What does a synovial sarcoma in the leg feel like?
It usually presents as a deep, firm lump near a large joint — the thigh, around the knee, the lower leg or the foot are the commonest sites. It often grows slowly, so it may be present for months before it is noticed, and unlike many sarcomas it can be tender or painful. A lump that is deep, hard to move, larger than about 5 cm, growing, or aching deserves an MRI and, if suspicious, a biopsy — regardless of how young or fit the person is.
How is synovial sarcoma confirmed?
Diagnosis combines an MRI of the affected limb, an image-guided core needle biopsy examined by a specialist sarcoma pathologist, and molecular testing for the SS18-SSX gene fusion. Nearly every synovial sarcoma carries this fusion, caused by the t(X;18) translocation, and tests such as FISH or RT-PCR can detect it in the biopsy.

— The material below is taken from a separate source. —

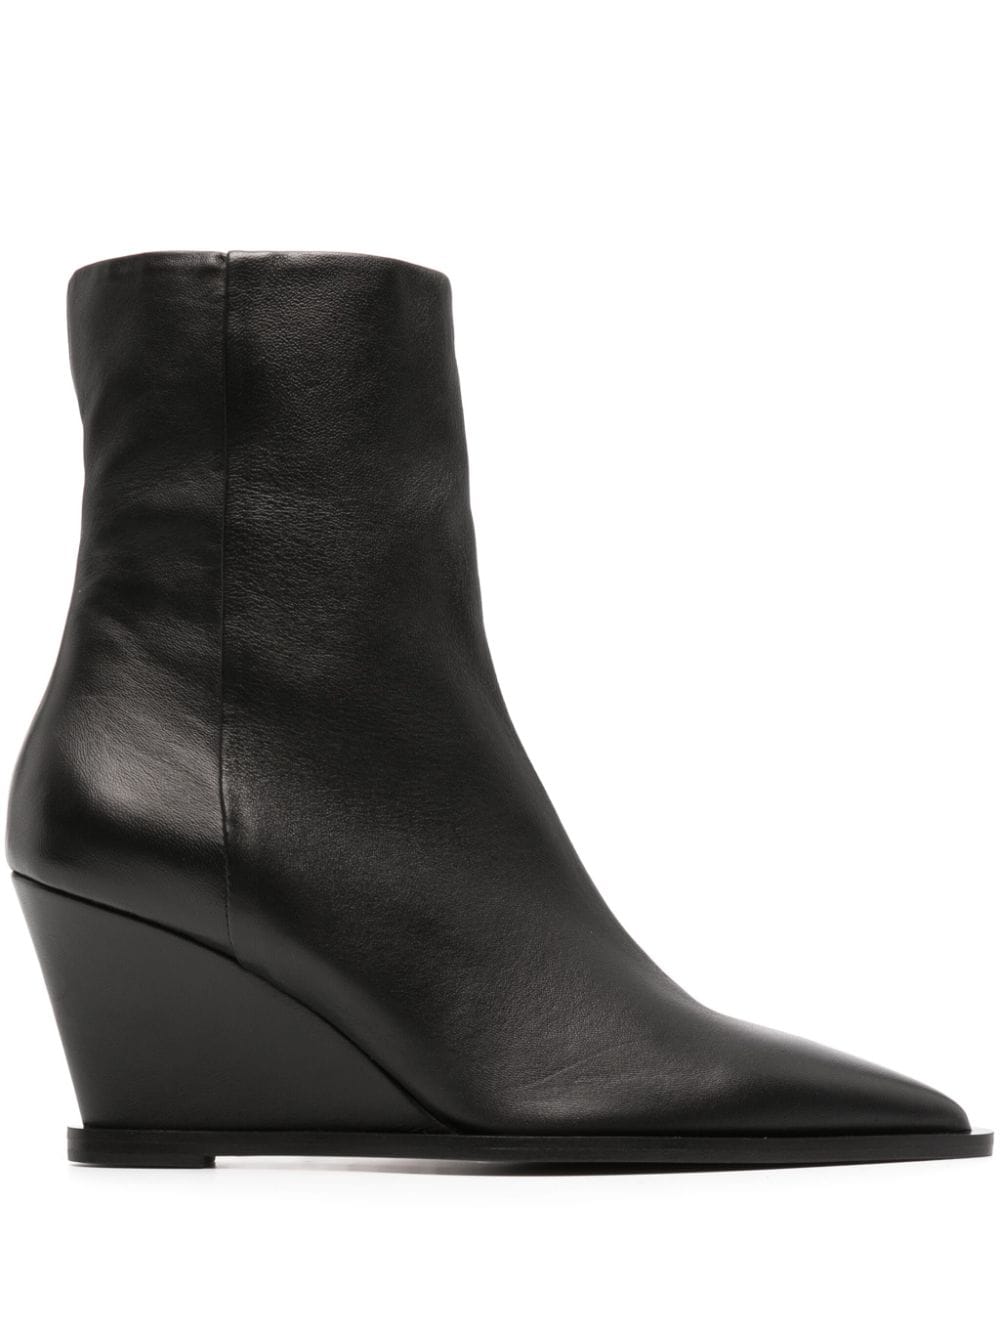 ATP Atelier Pratella 76mm leather boots - Black von ATP Atelier

A confirmed SS18-SSX fusion is, in effect, the molecular fingerprint of synovial sarcoma and settles cases where the appearance under the microscope is ambiguous.
How is synovial sarcoma treated and what is the outlook?
Treatment combines surgery, radiation and chemotherapy, sequenced by a multidisciplinary tumour board. The cornerstone is wide local excision with clear margins, performed as limb-sparing surgery in most cases. Radiation lowers the risk of local recurrence, and chemotherapy is considered for larger or high-grade tumours — synovial sarcoma is more chemo-sensitive than many sarcomas, especially to ifosfamide. The outlook is best for small, early, completely removed tumours; because it can recur late, long-term surveillance of the primary site and the chest continues well beyond five years.